Anybody else who has ever lived in an apartment with their Shepherds or has made this transition, I'd love any advice or words of wisdom. 

This apartment complex markets itself as being very pet-friendly and has 2 large dog parks on site so I'm hoping and assuming that most of the residents will be pet-friendly and understanding.

Thanks in advance!


----------



## middleofnowhere (Dec 20, 2000)

When I moved to Arkansas from Wyoming, I knew I needed a house because I knew the Barker Sisters wouldn't be a hit in an apartment. I hadn't encouraged them to bark at every noise either! Currently, one dog would do quite well in an apartment but the youngster, Oh My!, she barks when I step on the porch or walk around the house & she is in her crate. 

The only thoughts I have for you is to use TV, Radio or noise radio to mask outside noises. Perhaps you could try a night or two in a motel as a test? I used these when I traveled and they worked to help me sleep, too. Flushing toilets, closing doors - pretty much taken care of.


----------



## Gretchen (Jan 20, 2011)

These are intelligent dogs and will probably adapt in a short period of time. We live in town homes, and my GSD knows the people who live around us. She's learned their sounds including cars, footsteps, doorslams, key rattling etc. and does not bark at them. She's learned they are not a threat and are part of her environment. She does bark when they have guests that are strangers, but only a few moments. She also barks at FED EX and UPS, but so does everyone's dogs and we get no complaints. If your dogs are friendly, maybe you can introduce them to your neighbors and/or leave your telephone number with a neighbor in case they start howling.

You may want to get a device that can record your dogs, leave the apartment for a while and see if they bark a lot. My sister used to have a dog that was perfect when she was home, but howled when she left. Her neighbor made a recording of her dog, she wasn't angry, just wanted my sister to know how her dog was reacting.


----------



## LaRen616 (Mar 4, 2010)

Emoore!!!!

I've missed you!!!!! Seriously!

How the heck are you?

I would just say "no" when they bark or make an "eh" noise at them when they barked.


----------



## Emoore (Oct 9, 2002)

Hey LaRen!!! I missed you guys too.

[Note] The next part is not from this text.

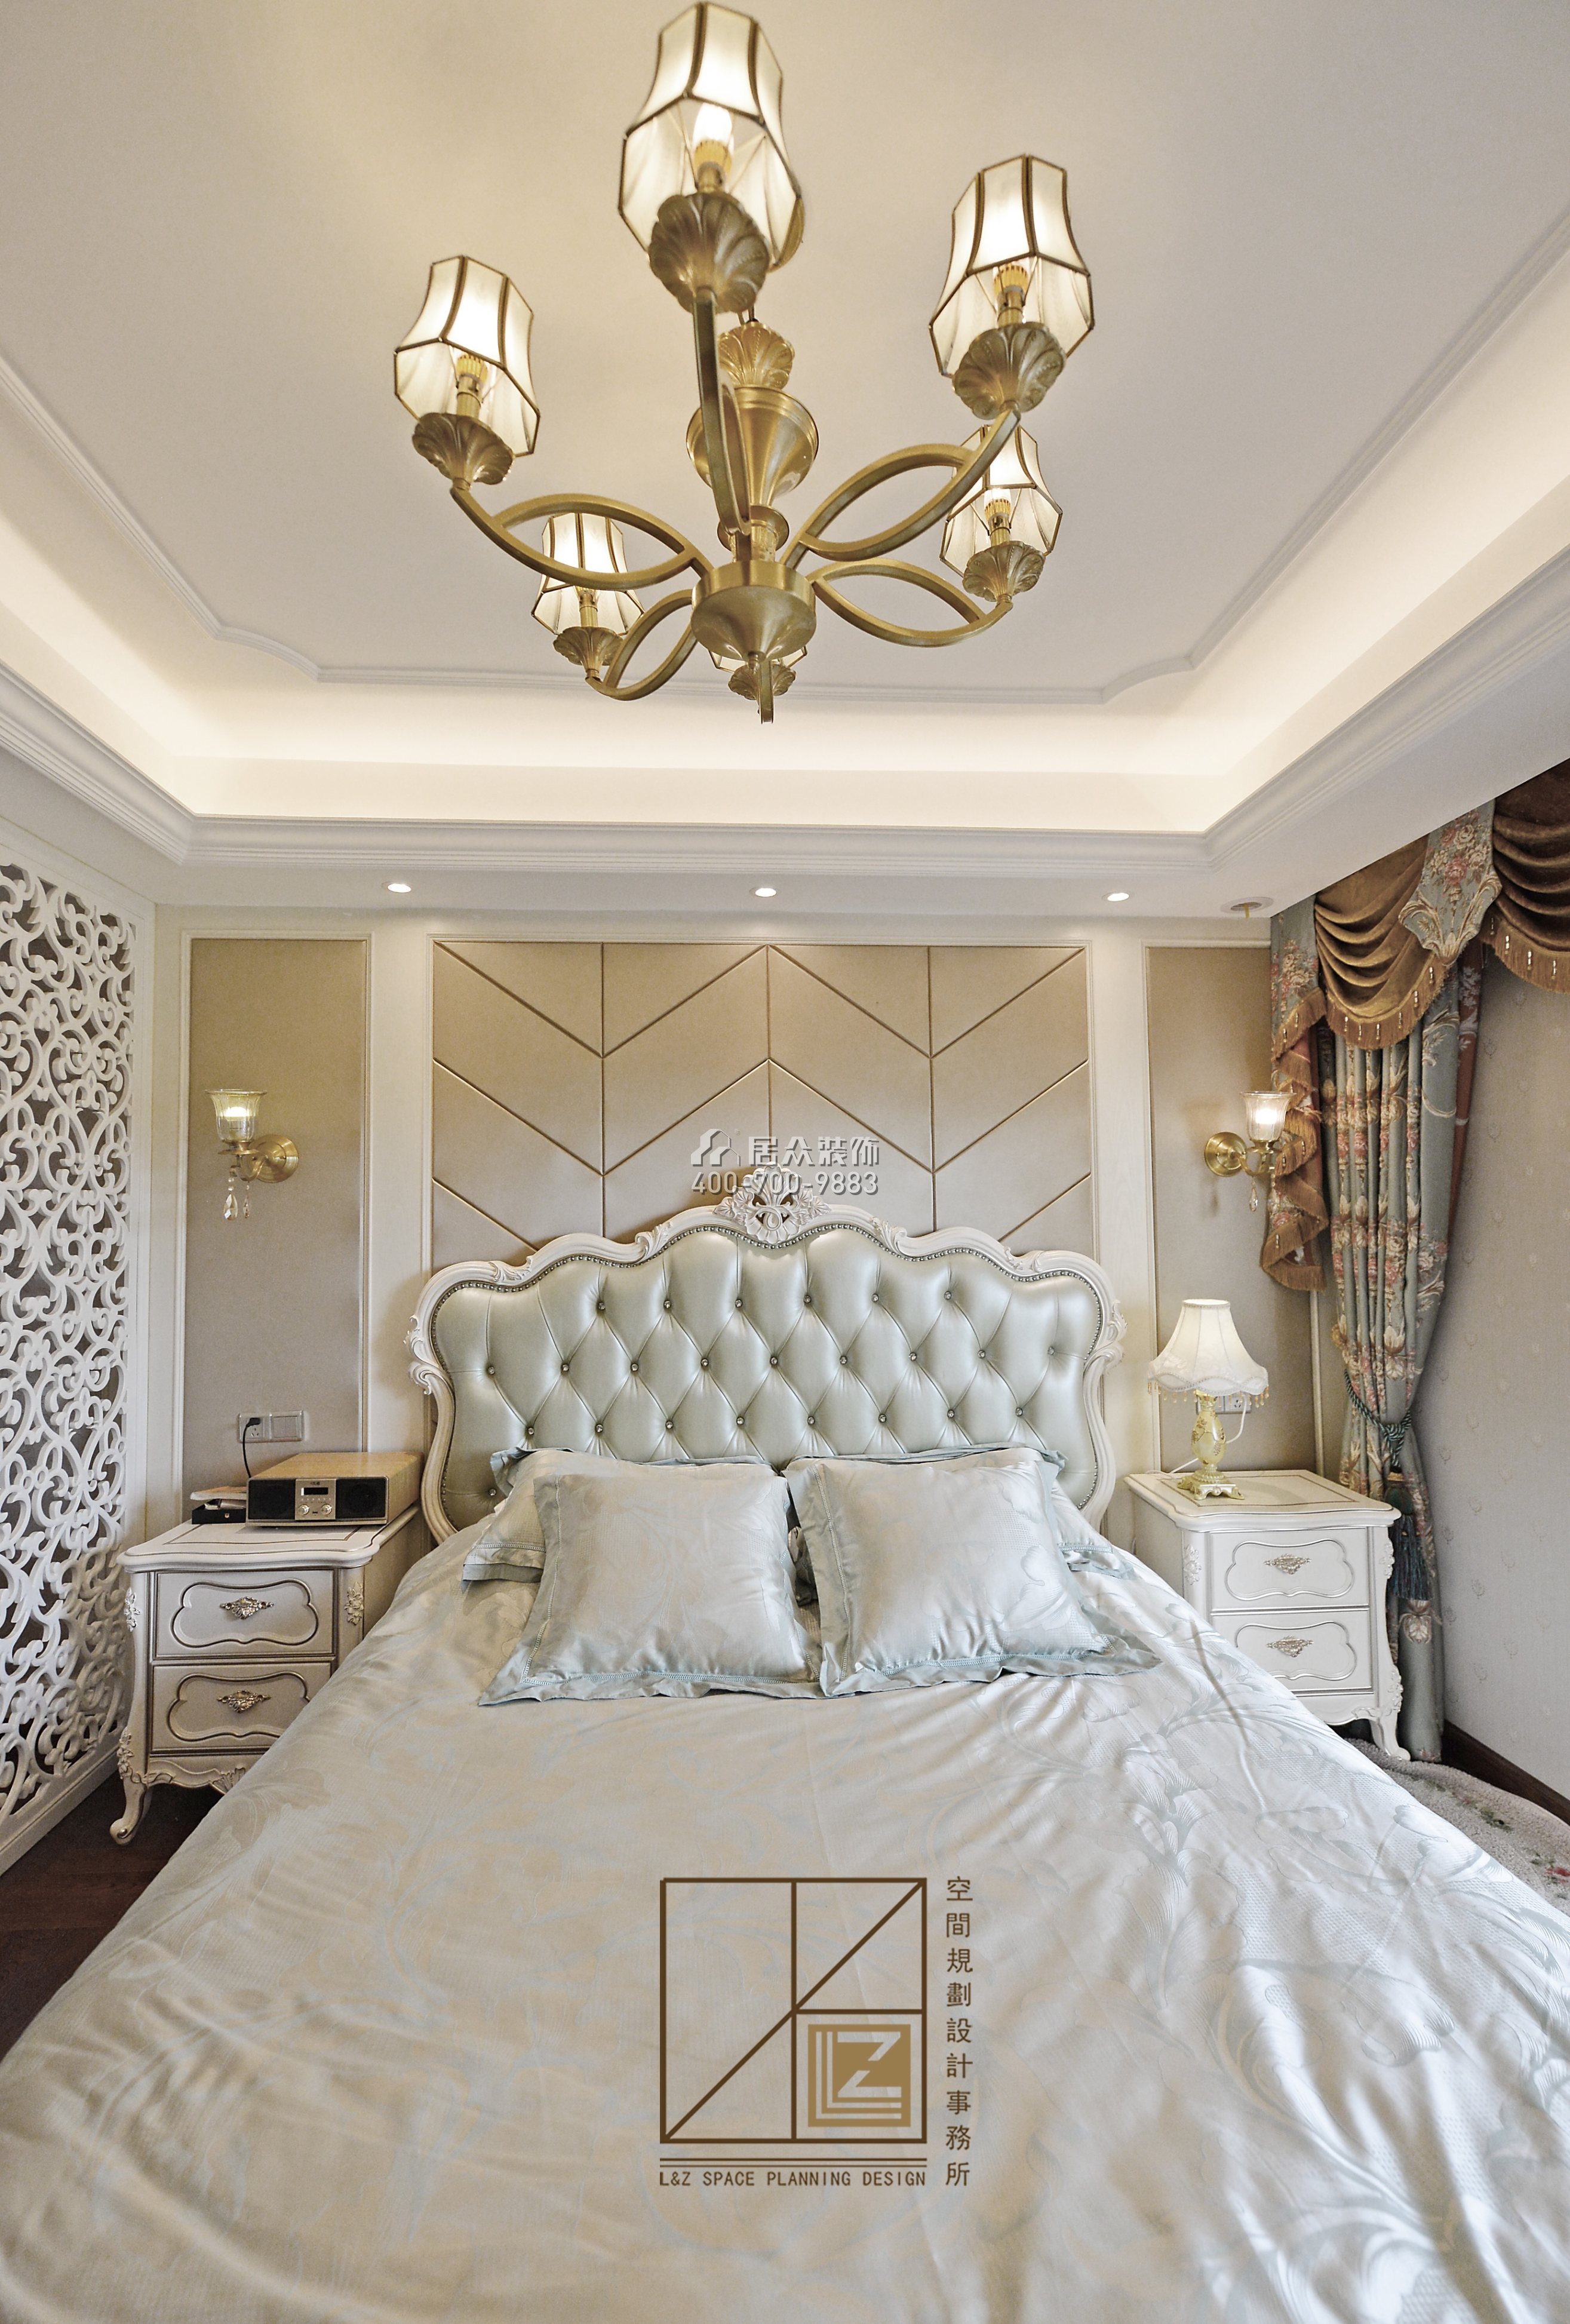 八方小区360平方米欧式风格复式户型卧室装修效果图

Me and the boys are doing well, but getting ready to move back to Austin to be closer to the familly.

The thing is I really need them to not bark when I'm not there to correct them. Has anyone used one of those ultrasonic bark correcters that emits an unpleasant noise when they bark?


----------



## sparra (Jun 27, 2011)

Hey Emoore 

My neighbour has a dog that wears one cause she is a shocker......barks at everything. She says it is very effective but she still barks when it is off......she is a really neurotic dog though with issues


----------